The AI revolution has a massive, uninvited guest at the table: a skyrocketing cloud bill that 88% of CFOs say is only getting bigger.
A new report released today by Azul reveals a growing “financial tension” inside the C-suite. Finance leaders are desperate to pour money into AI, but they are finding that the very technology they need to grow is being choked by inefficient cloud spending.
Cloud costs become board-level concern as executives see costs rise
Cloud costs used to be a headache hidden away in the IT department, but those days are over. According to the survey of 300 US finance leaders, 66% now say cloud spending has officially become a “board-level concern.”
It’s easy to see why. Nearly 9 in 10 organizations are seeing their cloud costs climb, with a third describing the increase as “significant”.
Only a tiny nine percent of companies have managed to keep their spending flat. For most, the cloud has transformed from a flexible utility into a strategic risk that demands executive oversight.
The AI paradox: investing in technology without additional budget
There is a bit of a “catch-22” happening with AI. While 56% of CFOs name investing in AI and automation as their number one financial priority for the year, the technology itself is making their budgets harder to manage.
About 43% of leaders admit that adopting AI is adding new layers of “workload complexity,” which makes it much harder to forecast and control what they are actually spending.
To fund these AI dreams without breaking the bank, CFOs are starting to look at their current cloud setups with a more critical eye.

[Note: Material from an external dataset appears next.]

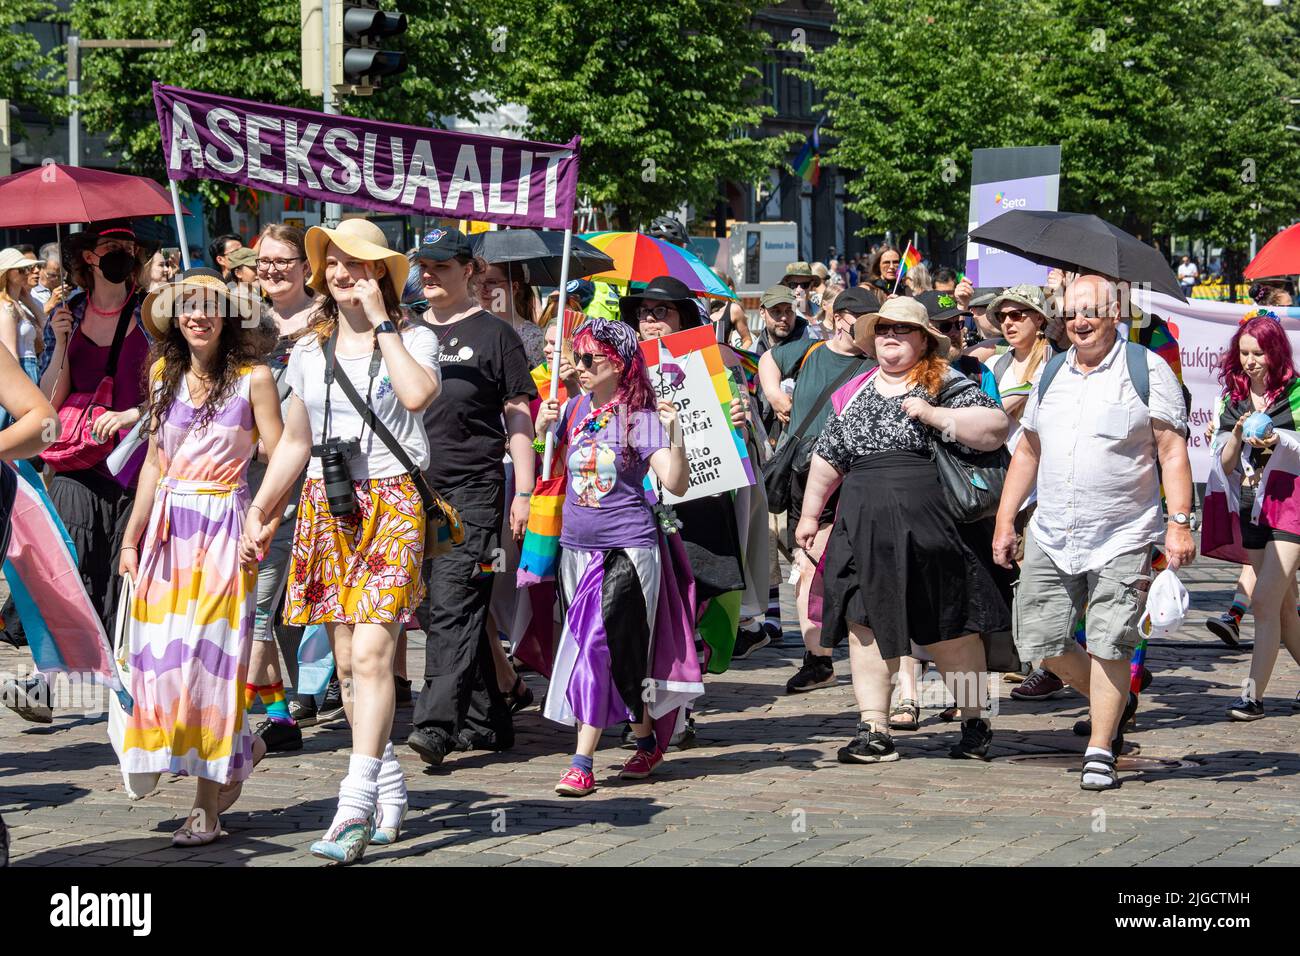 Aseksuaalit banner at Helsinki Pride 2022 Parade in Helsinki, Finland Stock Photo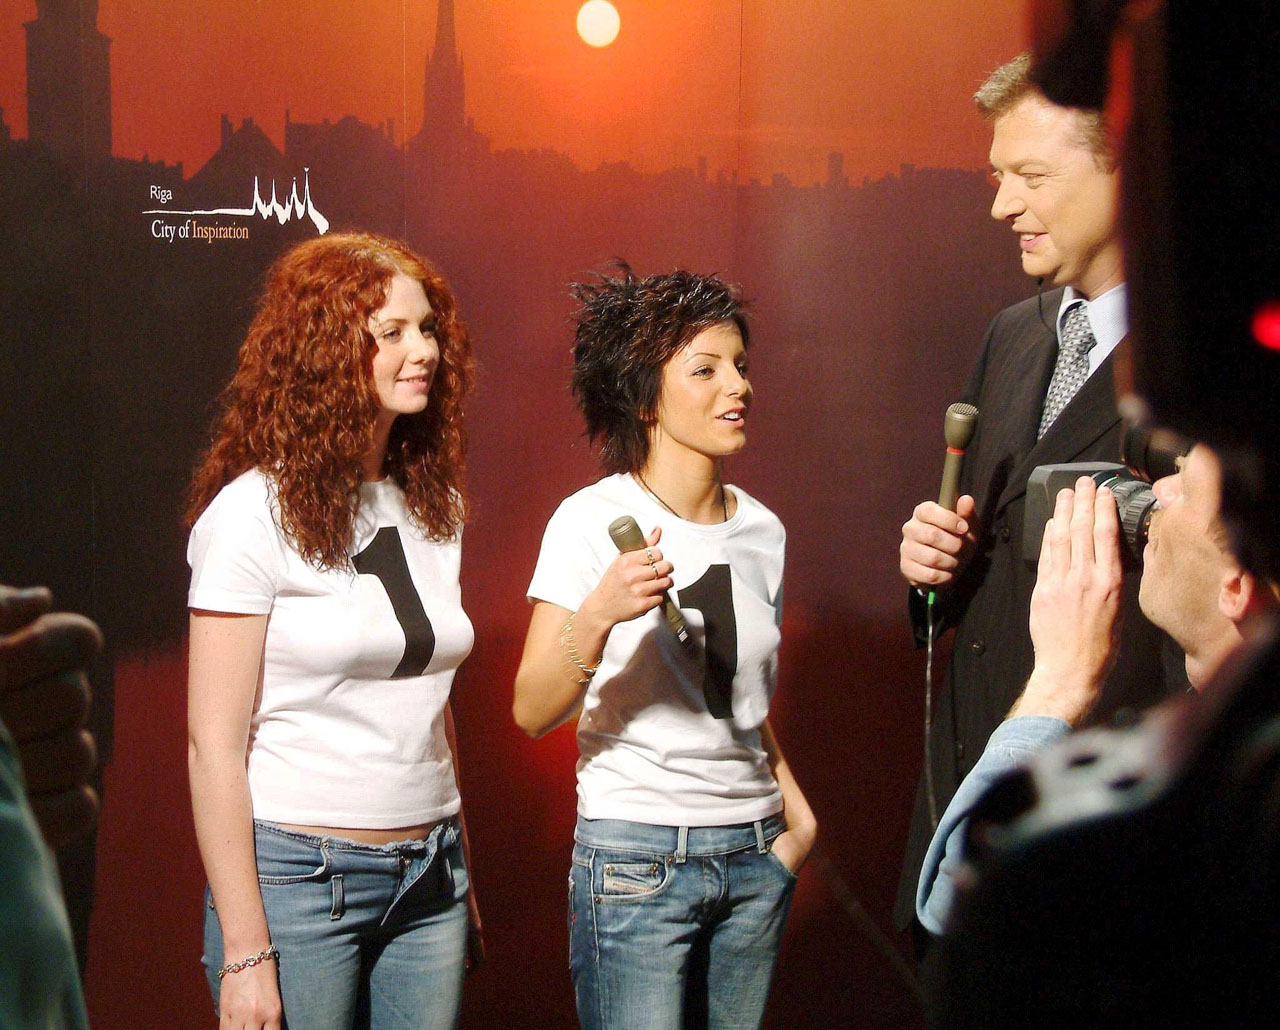 ТАТУ - Eurovision 2003 After Performance

The report found that:
- Widespread inefficiency: 69% of finance leaders believe that 10% to 30% of their current cloud spend is essentially wasted.
- The complexity barrier: The biggest hurdle to fixing this is the “complexity of cloud pricing,” cited by 45% of respondents.
- Visibility gaps: 32% of CFOs say they lack sufficient visibility into how their teams use resources.
Rather than just cutting costs for the sake of it, 45% of CFOs see cloud optimization as a way to create “budget flexibility” to fund the next wave of digital innovation.
Turning to deeper technical levers for savings
While many companies use basic tools like AWS Cost Explorer, a smaller, more tech-savvy group is digging deeper into how their software actually runs. About 16% of organizations are now using “Java runtime optimization or JVM tuning” to make their applications more efficient at the source.
Other popular moves include re-platforming legacy systems (24%) and rightsizing their infrastructure (35%).
Scott Sellers, co-founder and CEO of Azul, noted in the release that this shift is about more than just saving pennies.
“With nearly nine in ten CFOs seeing cloud costs rise and AI now a top investment priority, finance leaders are being forced to rethink how efficiently their applications consume cloud resources,” Sellers said.
“Cloud optimization has become a strategic lever — one that allows organizations to fund AI innovation, protect margins, and bring greater predictability and accountability to cloud investments.”
As cloud complexity grows, the report concludes that the CFO is no longer just funding cloud transformation but is now a key stakeholder in shaping it, ensuring that every dollar spent in the cloud drives measurable business value.